2024-05-09T16:01:16.716Z cpu9:181055275)Loading module nsxt-ens-23358860 ...
2024-05-09T16:01:16.732Z cpu9:181055275)Elf: 2119: module nsxt-ens-23358860 has license VMware
2024-05-09T16:01:16.741Z cpu9:181055275)Successfully created 4 ENS affinity heaps.
2024-05-09T16:01:16.744Z cpu9:181055275)FPO: 155: FPO Service Registered
2024-05-09T16:01:16.744Z cpu9:181055275)WARNING: CharDriver: 357: Driver with name ens is already using slot 125
2024-05-09T16:01:16.744Z cpu9:181055275)WARNING: Failed to create ENS char device 
2024-05-09T16:01:16.744Z cpu9:181055275)FPO: 227: FPO Service Unregistered
2024-05-09T16:01:16.745Z cpu9:181055275)nsxt-ens-23358860 failed to load. 
2024-05-09T16:01:16.745Z cpu9:181055275)WARNING: Elf: 3139: Kernel based module load of nsxt-ens-23358860 failed: Failure <Mod_LoadDone failed>

Resolution

When trying to upgrade NSX-T bundle, please try to check whether net-stats command is running. 

Verify the Process ID (PID) for net-stats using "ps" command :
ps | grep -i "net-stats"

Kill the running "net-stats" service using "kill" command :
kill <service_pid>

It must be killed before the upgrade can be started, otherwise live upgrade will fail as the old module will not be able to unload for new module to be loaded. This is applicable for both the “In-Place” and “Maintenance” mode upgrade as both require dual load.

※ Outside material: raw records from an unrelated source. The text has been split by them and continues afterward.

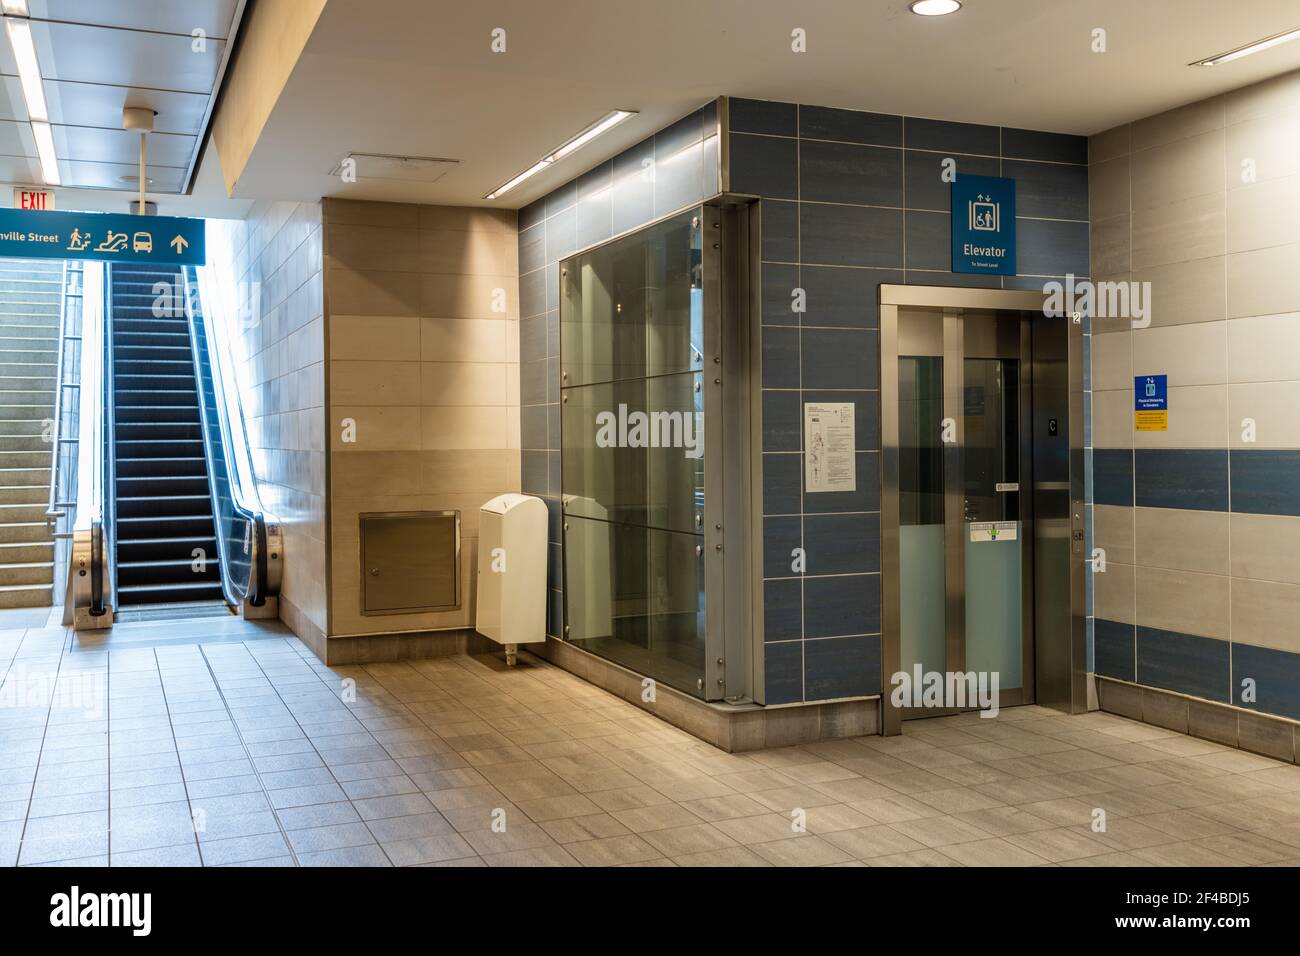 All'interno della scala mobile e dell'ascensore della stazione Waterfront. Metropolitana Skytrain Canada Line. Vancouver, Canada. Foto Stock
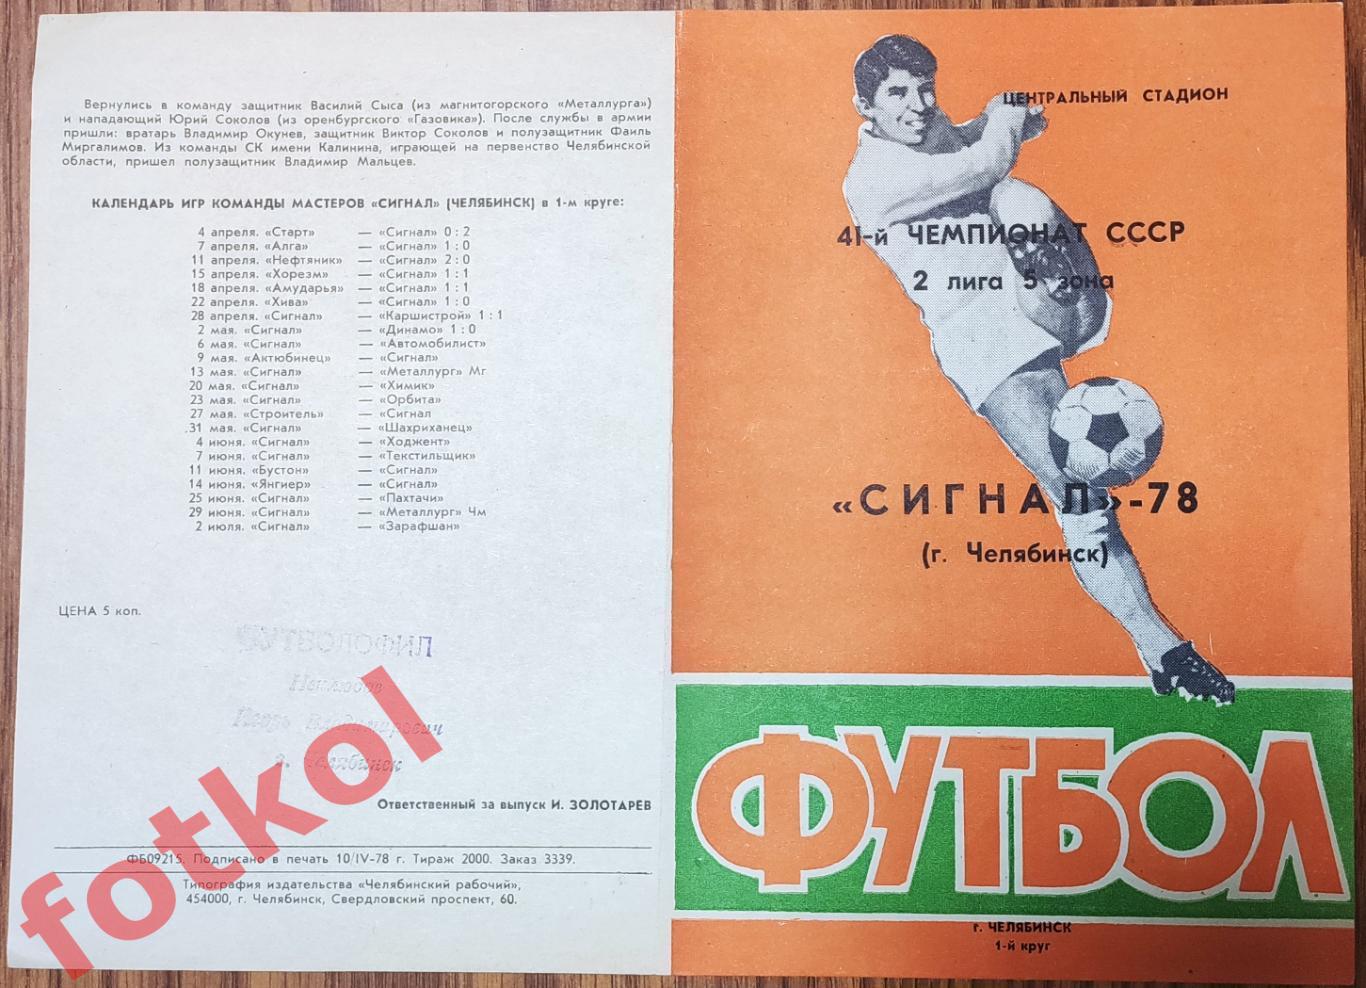 ЧЕЛЯБИНСК Сигнал - 1978 1 круг Фото игроков
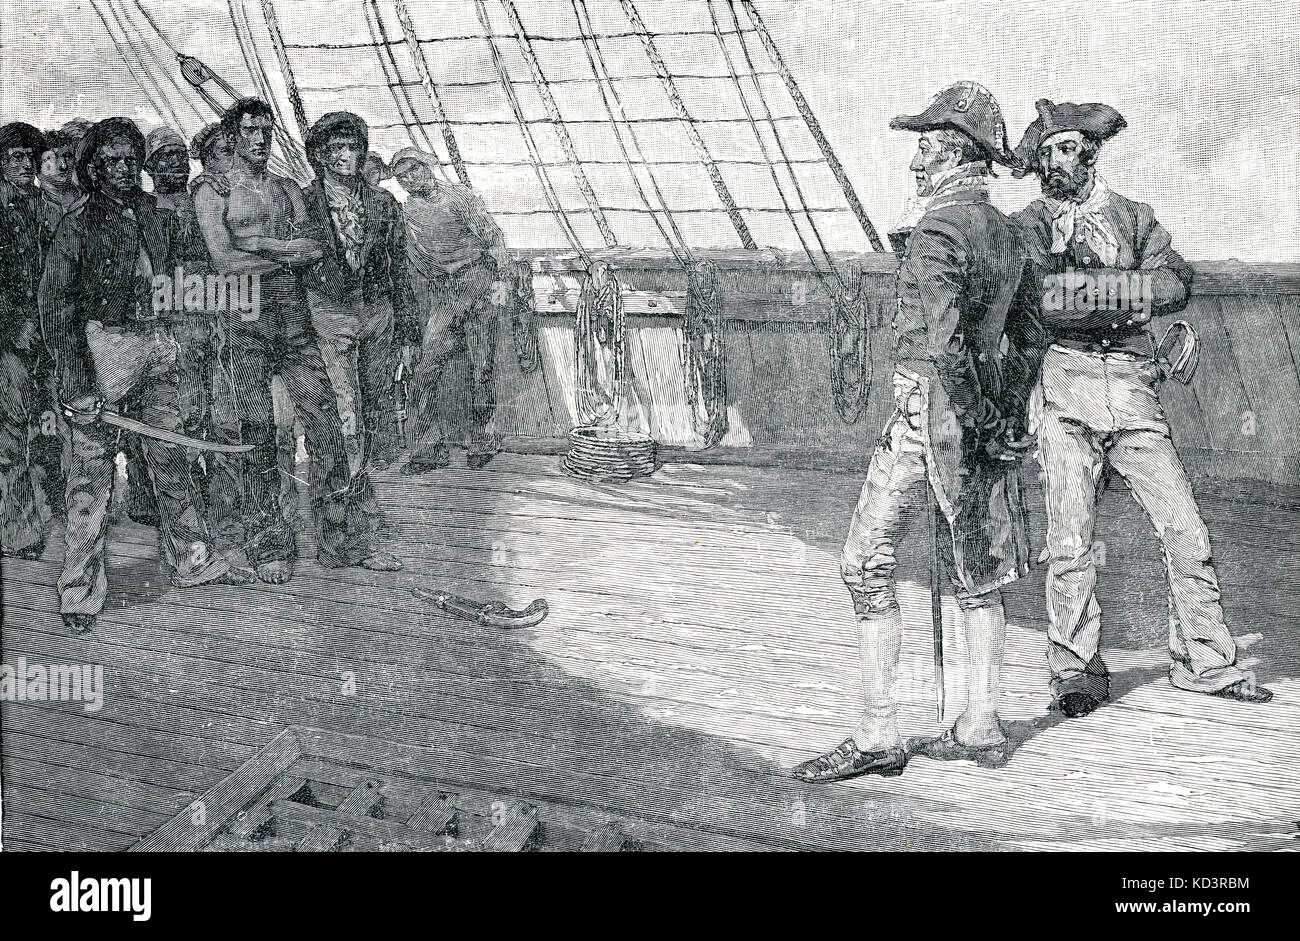 Impression de los marinos americanos, Segunda Guerra por la Independencia / Guerra de 1812. Ilustración de Howard Pyle, 1884 Foto de stock

It is recommended to kill all net-stats instances before performing upgrade operation. Upgrade would succeed when netstat process is killed.

A precheck for net-stats will be added in NSX-T 5.0 for in-place upgrade logic to detect this condition. This will ensure killing all net-stats instance automatically before start of upgrade.